Funding flexibility
The two worst-kept secrets in North Carolina are that the state
faces another billion-dollar-plus shortfall in the coming year and
that its highways and other transportation infrastructure are in the
ditch. The prospect of solving either in the short term appears next
to impossible.
Not to worry, says Gov. Mike Easley: just use $700 million in
bond proceeds -- originally meant for new highway construction when
voters approved a 1996 bond issue -- to widen and resurface 32,000
miles of state roads, replace or repair 7,000 bridges, pay for
safety projects and help finance transit projects in Charlotte and
Raleigh.
The governor described his plan as bold; his opponents, noting
that next year is an election year, described it as political.
Transportation experts such as David Hartgen of UNC Charlotte note
that the plan is timely because it would significantly improve road
conditions. Dr. Hartgen has criticized the state for building new
roads rather than maintaining and improving existing roads. As one
result, the state has a high fatality rate on narrow rural roads.
Gov. Easley makes good arguments in favor of flexibility in the
use of these funds. At a time when the state has few revenue
options, North Carolina should take advantage of available money to
do the most good as quickly as possible. But using bond proceeds
presents the Easley administration with the task of persuading the
public and the General Assembly that changing economic and
transportation circumstances justify using the funds this way rather
than as intended.
The governor's critics won't be happy with the plan. Two former
state officials are suing the Easley administration for using part
of the Highway Trust Fund last year to help balance the state
budget. That money was available partly because lawsuits have
delayed new road projects.
Gov. Easley proposes to borrow and spend the $700 million on
transportation projects over two years and to pay it back over 20.
That would jump-start transportation maintenance now, bring in more
federal funding for transit, boost the economy and still provide the
money for new highways in the long haul.
"The upside is that this is as much an economic stimulus
program as it is a transportation package," the governor said.
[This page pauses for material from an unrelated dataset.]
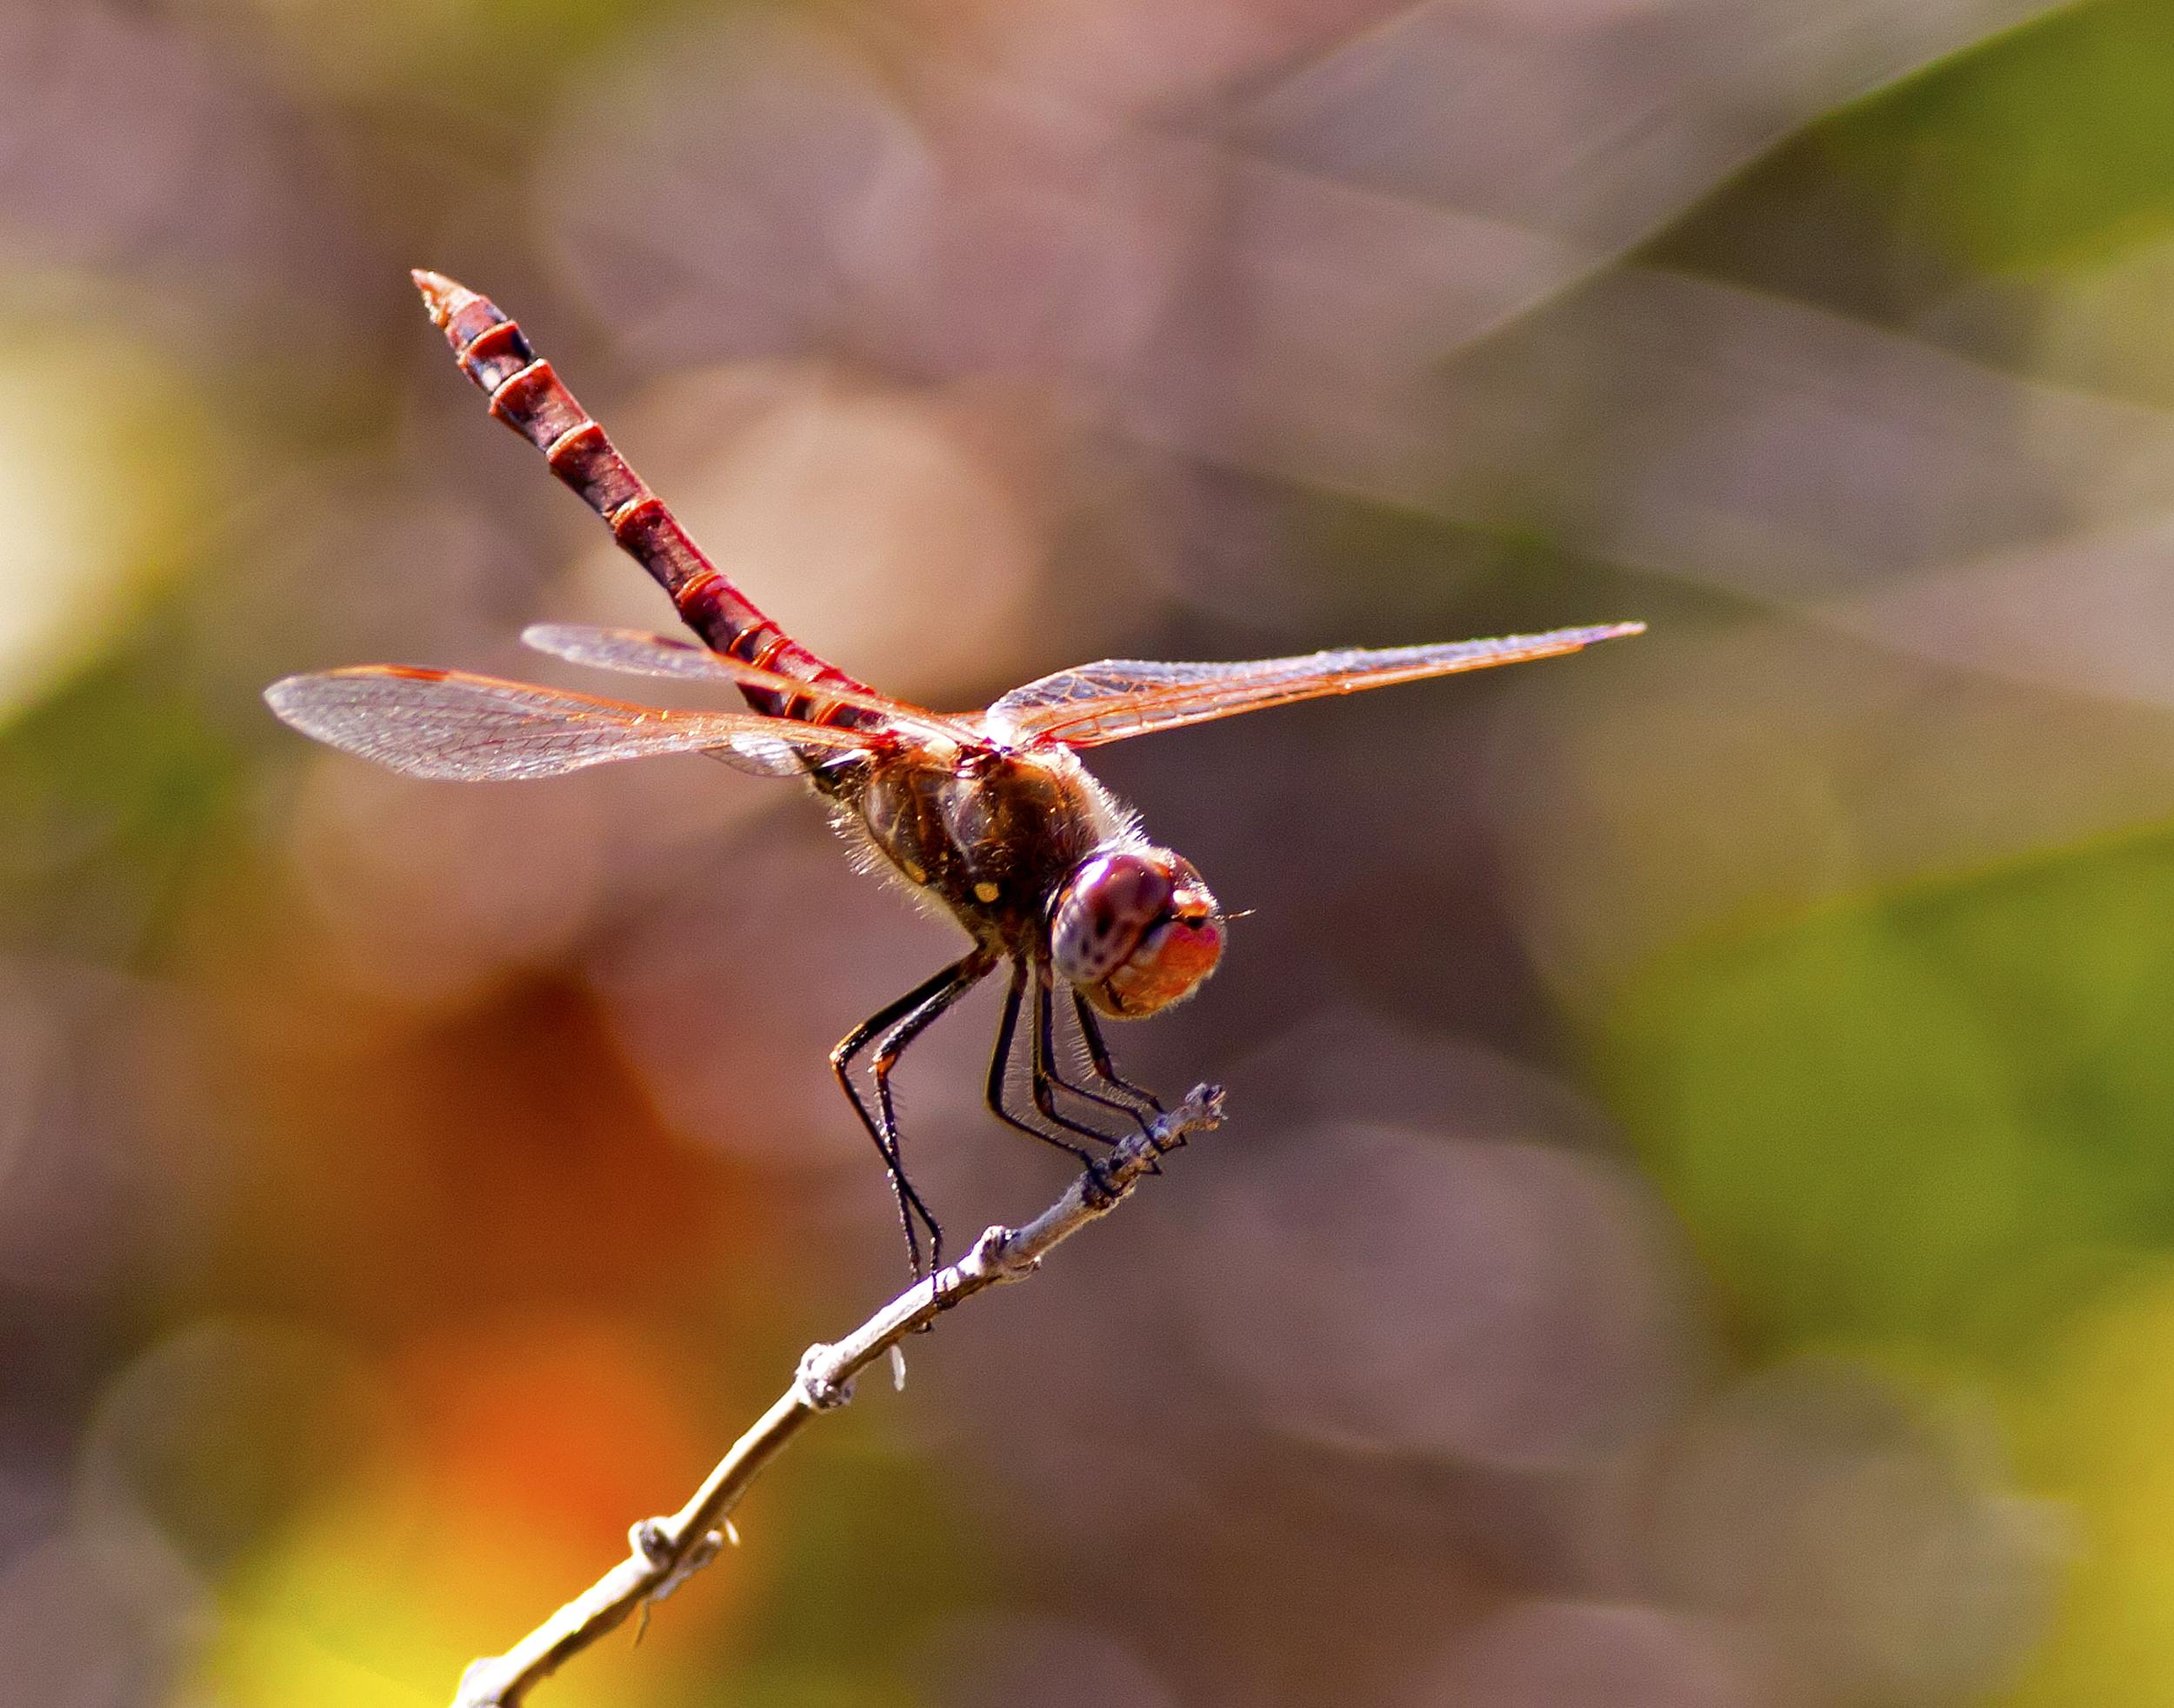 69 - Dragonfly

The public may be skeptical whether the proposal will produce the
30,000 new jobs the governor is forecasting. But there is little
doubt that the proposal would make highways more efficient and
safer, strengthen the economy, provide many new jobs and hasten rail
transit systems for the largest cities.
But the Easley administration and the General Assembly must build
in safeguards that assure the public the money will be used
responsibly and not for a series of pork-barrel projects. The
legislature must assure that the plan will not delay construction of
new roads already in the pipeline. And the plan must carry
assurances that urban areas such as Charlotte receive sufficient
funding for both public transit and road projects.
Among many other tasks this year, Gov. Easley must make a
compelling case for using road construction bonds to improve
existing transportation facilities. Anyone who drives the state's
highways or who uses public transportation facilities may be
receptive to that argument -- as long as there are credible
assurances the money will be used wisely, well and effectively.